**TASK DETAILS**.
Write out the full listing again. Make no alterations.

┌──

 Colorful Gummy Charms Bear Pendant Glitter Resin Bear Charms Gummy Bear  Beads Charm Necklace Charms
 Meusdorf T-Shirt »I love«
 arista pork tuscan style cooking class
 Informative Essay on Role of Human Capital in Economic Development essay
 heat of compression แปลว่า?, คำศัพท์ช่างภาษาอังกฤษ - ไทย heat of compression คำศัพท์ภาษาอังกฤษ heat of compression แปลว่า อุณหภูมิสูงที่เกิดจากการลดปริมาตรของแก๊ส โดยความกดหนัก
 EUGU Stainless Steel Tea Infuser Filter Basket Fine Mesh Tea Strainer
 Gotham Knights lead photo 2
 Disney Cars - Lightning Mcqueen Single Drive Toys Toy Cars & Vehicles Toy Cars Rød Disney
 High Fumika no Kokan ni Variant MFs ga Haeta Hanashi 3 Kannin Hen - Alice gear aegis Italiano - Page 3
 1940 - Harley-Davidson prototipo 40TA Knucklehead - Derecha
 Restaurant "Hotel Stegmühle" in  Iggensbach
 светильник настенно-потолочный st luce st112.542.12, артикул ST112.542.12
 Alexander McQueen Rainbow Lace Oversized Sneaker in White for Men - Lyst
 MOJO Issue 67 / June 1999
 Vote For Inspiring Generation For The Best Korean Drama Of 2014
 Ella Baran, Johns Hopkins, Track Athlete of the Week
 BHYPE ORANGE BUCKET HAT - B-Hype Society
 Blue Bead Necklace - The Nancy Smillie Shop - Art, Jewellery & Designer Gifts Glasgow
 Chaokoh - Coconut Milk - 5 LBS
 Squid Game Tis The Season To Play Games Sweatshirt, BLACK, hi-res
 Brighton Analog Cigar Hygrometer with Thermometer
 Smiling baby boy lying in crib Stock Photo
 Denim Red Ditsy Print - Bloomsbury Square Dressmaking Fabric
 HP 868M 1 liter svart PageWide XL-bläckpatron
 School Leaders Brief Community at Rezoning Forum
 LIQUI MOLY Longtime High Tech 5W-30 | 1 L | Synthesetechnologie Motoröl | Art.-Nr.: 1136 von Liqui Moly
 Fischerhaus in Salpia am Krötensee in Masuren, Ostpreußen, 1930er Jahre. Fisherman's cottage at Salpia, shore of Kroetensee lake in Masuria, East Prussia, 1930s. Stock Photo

└──

**TASK RESULT**.
 Colorful Gummy Charms Bear Pendant Glitter Resin Bear Charms Gummy Bear  Beads Charm Necklace Charms
 Meusdorf T-Shirt »I love«
 arista pork tuscan style cooking class
 Informative Essay on Role of Human Capital in Economic Development essay
 heat of compression แปลว่า?, คำศัพท์ช่างภาษาอังกฤษ - ไทย heat of compression คำศัพท์ภาษาอังกฤษ heat of compression แปลว่า อุณหภูมิสูงที่เกิดจากการลดปริมาตรของแก๊ส โดยความกดหนัก
 EUGU Stainless Steel Tea Infuser Filter Basket Fine Mesh Tea Strainer
 Gotham Knights lead photo 2
 Disney Cars - Lightning Mcqueen Single Drive Toys Toy Cars & Vehicles Toy Cars Rød Disney
 High Fumika no Kokan ni Variant MFs ga Haeta Hanashi 3 Kannin Hen - Alice gear aegis Italiano - Page 3
 1940 - Harley-Davidson prototipo 40TA Knucklehead - Derecha
 Restaurant "Hotel Stegmühle" in  Iggensbach
 светильник настенно-потолочный st luce st112.542.12, артикул ST112.542.12
 Alexander McQueen Rainbow Lace Oversized Sneaker in White for Men - Lyst
 MOJO Issue 67 / June 1999
 Vote For Inspiring Generation For The Best Korean Drama Of 2014
 Ella Baran, Johns Hopkins, Track Athlete of the Week
 BHYPE ORANGE BUCKET HAT - B-Hype Society
 Blue Bead Necklace - The Nancy Smillie Shop - Art, Jewellery & Designer Gifts Glasgow
 Chaokoh - Coconut Milk - 5 LBS
 Squid Game Tis The Season To Play Games Sweatshirt, BLACK, hi-res
 Brighton Analog Cigar Hygrometer with Thermometer
 Smiling baby boy lying in crib Stock Photo
 Denim Red Ditsy Print - Bloomsbury Square Dressmaking Fabric
 HP 868M 1 liter svart PageWide XL-bläckpatron
 School Leaders Brief Community at Rezoning Forum
 LIQUI MOLY Longtime High Tech 5W-30 | 1 L | Synthesetechnologie Motoröl | Art.-Nr.: 1136 von Liqui Moly
 Fischerhaus in Salpia am Krötensee in Masuren, Ostpreußen, 1930er Jahre. Fisherman's cottage at Salpia, shore of Kroetensee lake in Masuria, East Prussia, 1930s. Stock Photo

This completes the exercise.